Fifteen of us met at Henry Tham. It is true; to have a good time one had better stick to like people. Groups formed soon enough, people left.

The high point of the night was the walk to the Gateway of India and the ride on a Victoria Buggy. After haggling for Rs. 350 (The extra 50 for the hypothetical policeman, who hypothetically would have fined us, if he found 6 passengers instead of 5!), we got a buggy eye view of Bombay between the Gateway and Marine Drive. India had just won the T20 match at Brabourne; thus, we also got a taste of after-victory fire crackers and celebrations. We did feel sad for the horse though.

Victoria - Ours was the best looking one around

G was a good girl till Sunday morning when she suddenly decided she needed to shop after all!
“No, it is just for Sarees. You never know when you might need them and I don’t have enough”
“But I don’t know where to find them”
“Let’s just walk around”

And walk around we did.

After some casual research, we headed off to Vile Parle station market. In the searing heat, relentless distance, a lot of hand wrenching, store hopping and “I like this. I like that also. Which do I take?”, she finally settled at Aari at Vile Parle (W) and loaded her bag. Before the salesman sold her some more, I dragged her out.

The only respite from the relentless walking in the heat was the sojourn at Iskon at Juhu. We sat there, amidst the beautiful idols, resting our feet on the cool marble and seeping in chants of Hare Rama, Hare Krishna. G snoozed.

Iskon, at Juhu

It was Bombay Black at night. G was watching her first play and I was nervous. The play is running houseful shows at Prithvi, so I was reassured. And it turned out to be good - with some clever acting, cleanly etched characters and incisive dialogues. Though at the start, we had some difficulty getting used to Radhika’s acting – her aggressiveness in dialogue delivery was difficult to fathom till one knows the reason behind the angst. Meenal and Shreyas were exceptional, Radhika a great dancer. Each one is mired in a love-hate relationship with the other. Two know the hate; it takes the blind Shreyas to bring in the love, and salvation along with it. Good watch.

A weekend used to the hilt. With friends around, the world seems a better place…

Thursday, October 18, 2007

Getting a life

I took up the arts again.

I can afford to. I have two hours of free time after I get back from work, and I am tired of staring at the computer the whole day looking at stocks going up and down. I needed to create, to vent, to go beyond limits, to experiment, to be myself. Thus, I am reading, singing and painting again!

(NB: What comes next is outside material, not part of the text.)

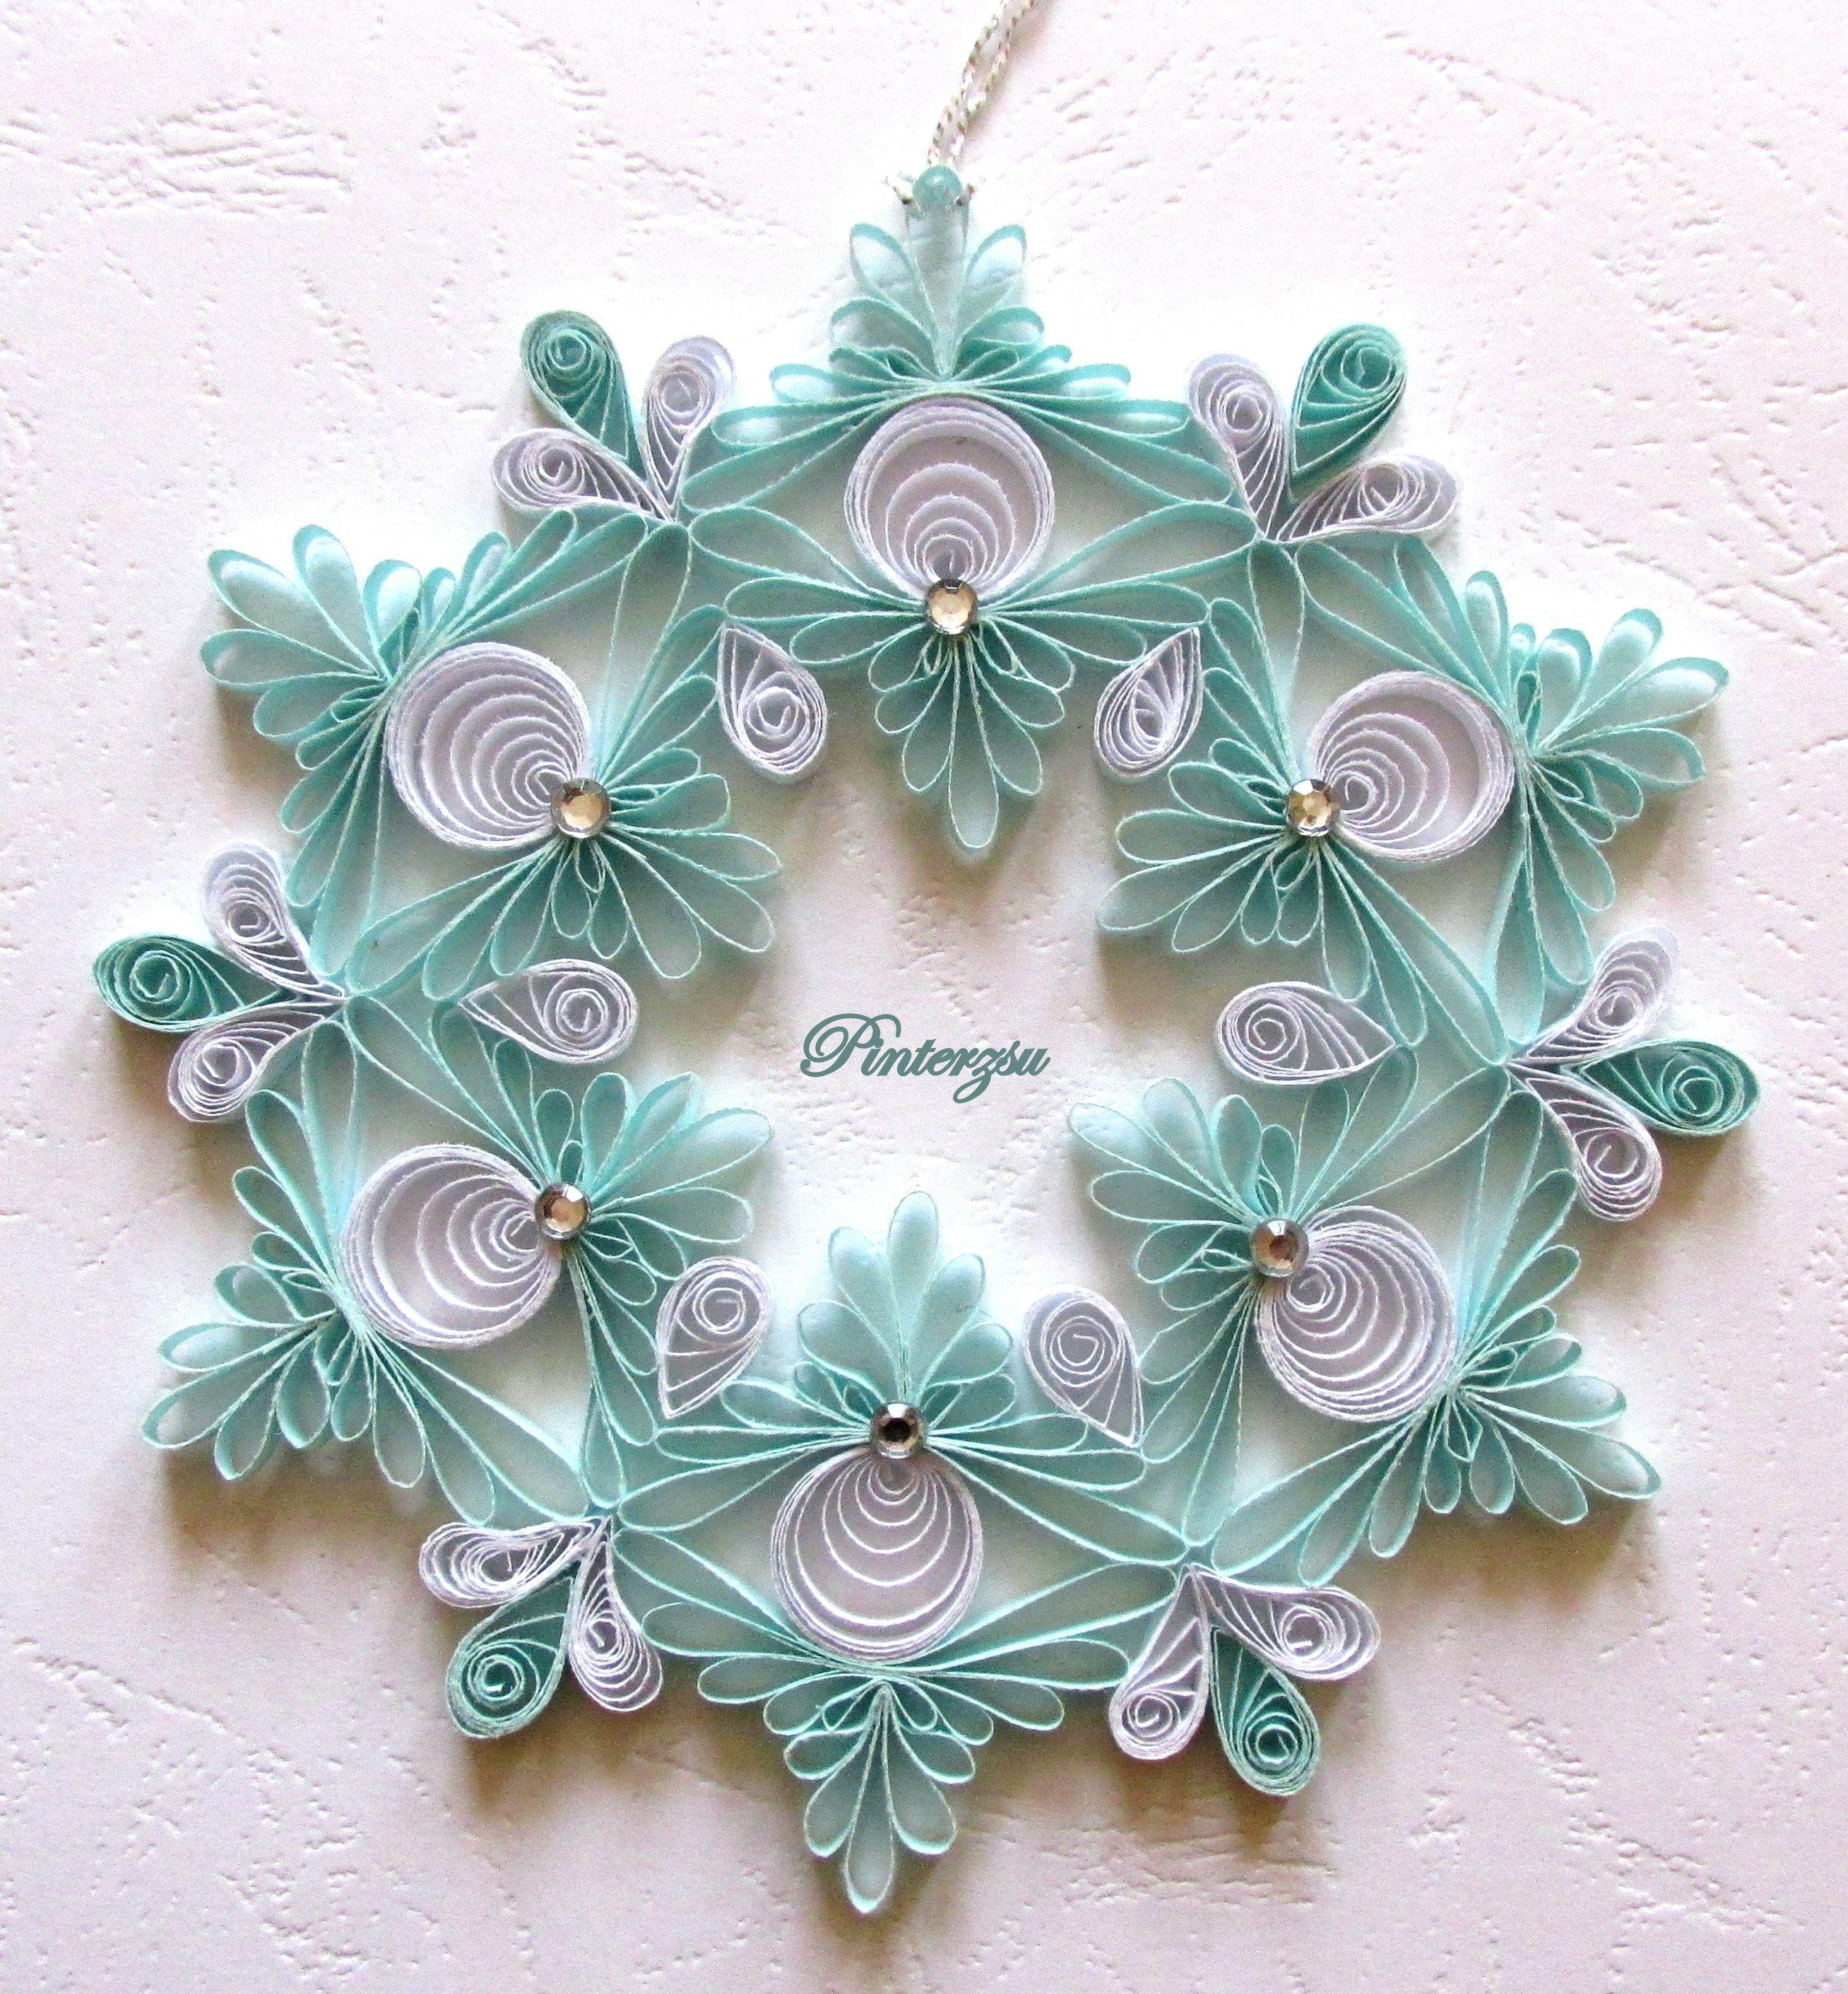 снежинки в стиле квиллинг фото

I am limping a little to begin with. It merely needs some polishing.

I have not been doing anything else blog worthy. Last three weeks was Mom time - shopping, visiting relatives, inviting friends for dinner (Food cooked by her licked off fancy borrowed plates). It has been hectic, fun, full of laughter and arguments. Spices, music, flowers and incense.

The home is silent again.

The Pujas are here! I need to find a Pandal to go to. And wear all my new dresses.

Happy Pujas to all!

Sunday, October 07, 2007

Never a Yesterday


Yesterday! What can I do with that? I can’t go back and change it. I have to learn to live with it. And make the best of it. For today. For tomorrow. Until I live.

Yesterday. She has AIDS she contracted from her husband. She travels to Johannesburg to tell him. He beats her up when he hears it. He gets sick soon and comes back home. She forgives him. That was in the past she says. She builds a hut away from the prying, accusing eyes of the villagers, to nurse him. He dies anyway.

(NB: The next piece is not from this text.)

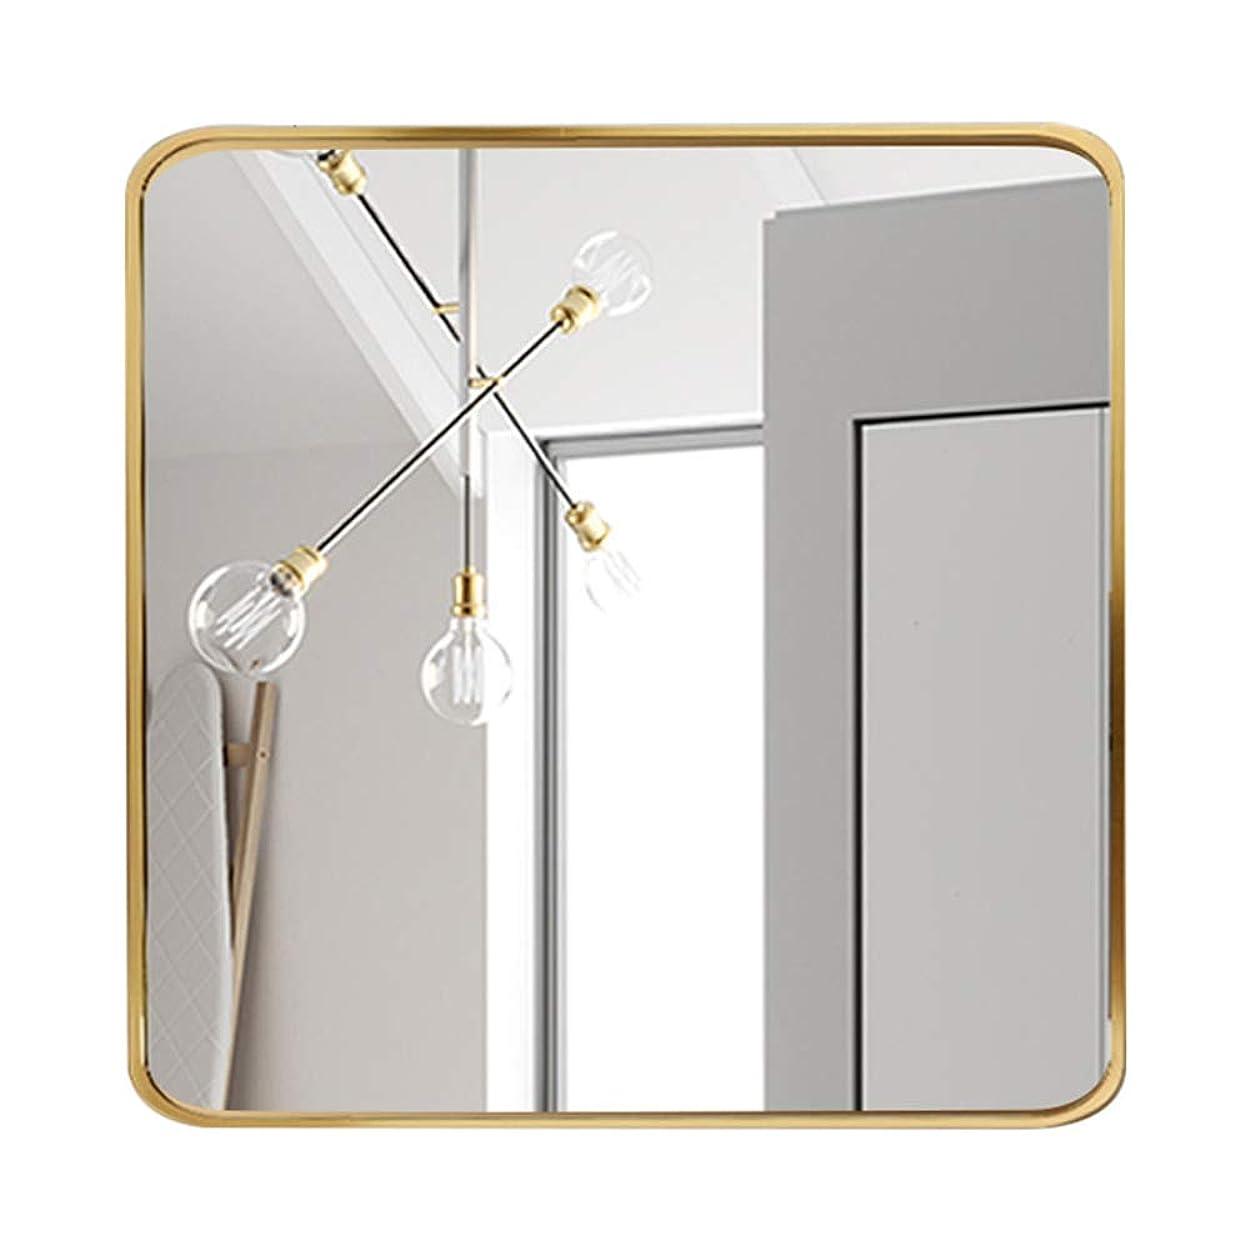 タバコ認可マート壁はバスルーム玄関リビングルームのためのミラーを吊るすミラー、北欧の単純化したラウンドコーナーゴールデン完成フレーム浴室の壁をマウント,50*50cm

The doctor tells her she has a strong body. She is doing fine. She says it’s her mind. She will have to stay alive till her daughter starts going to school. For her little daughter, Beauty.

And I have problems!

Such a lovely, sad, lyrical movie; a life as bare and stark as the desert, as arduous, as painful. Where little joys are big – the daughter’s innocent questions, gossip at the village water pump, a juicer for present, an orange for snack.

I count my blessings.

Monday, October 01, 2007

Shirdi – It is often not the destination

It was pilgrimage time again.

This time it was to Shirdi, located in the Ahmedanagar district of Maharashtra – 250km away from Mumbai. Thousands of devotees flock this tiny city everyday to pray to Shri Sai Baba.

Four of us hired a car to get there. It seemed the most comfortable option since we intended to be back the same day. The six hours long journey sped through some very spectacular scenery – through vast green plains and huge windmills. The Maratha countryside in the monsoons is really very picturesque, why seek far and wide?

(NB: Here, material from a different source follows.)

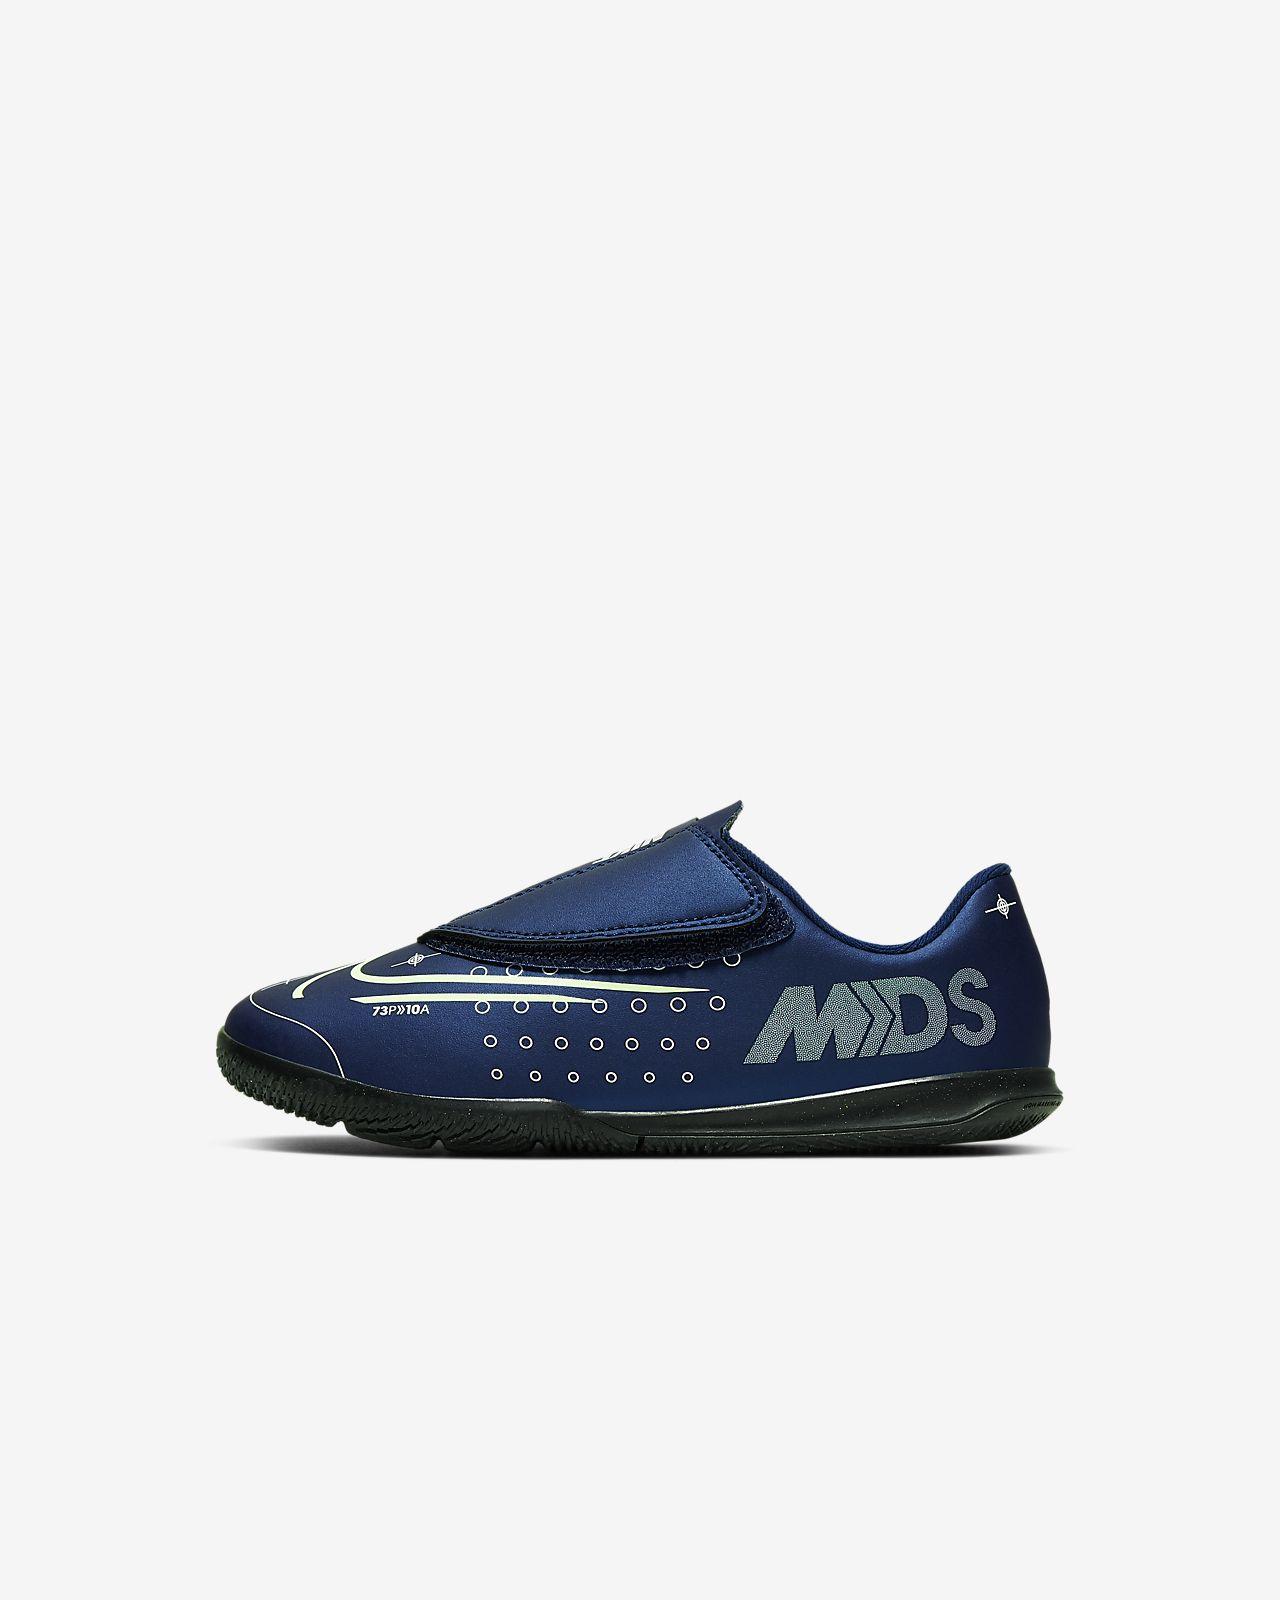 Chaussure de football en salle Nike Jr. Mercurial Vapor 13 Club MDS IC pour Jeune enfant

As soon as we landed at 12, we had touts running along, guiding us to their Prasad stalls. Sometimes I wonder if I have the concept of spirituality all wrong. Can one claim to be God’s true devotee if,
- He cheats his customers (Shopkeepers at every ‘holy’ place)
- Ill treats those with less power (His subordinates or his wife)
- Kills in the name of God
After much arguing and demanding our slippers back (Which had been snatched and packaged before we realized what happened), we managed to get the Prasad Thalis for a lower price than exorbitantly quoted. Barefoot, in the searing heat, we walked inside the temple.

The temple closes for a while at 1 pm. We only just managed to get in to start our slow trudge in the serpentine queue, which was exhausting not as much due to the heat but more due to the swarming, shoving devotees around (when will we learn that poking a person constantly will NOT make the queue move faster, just like honking at the red light will NOT turn it green!)

My mom went along with me this time, and she was complaining how long the wait was and how short the Darshan in contrast. But we see statues and temples around us all the time. It is the 6 hour uphill trek to Vaishno Devi, the four hour wait in Tirupati, and the three hour slow crawl in Shirdi – which makes the final glimpse worth it. Sometimes, it is just the joint, concentrated religious fervour of devotees which enthuses and fills the being. Maybe it is this energy which make miracle happen. It is often the journey and not the destination which is important. After all, God is omnipotent, is He not?

Baba’s statue is serene, peace etched out in its every fold. Just one look at the kind, benevolent face and you know that all will be right with the world.

I passed through Igatpuri yesterday – the same muddy plains, the tea stalls, the huts, the mountains – with the temple on top, fear of falling, shoes stuck in the mud, giggles, helping hands. I closed my eyes.
The unfinished past is a broken mirror. Shards jut out.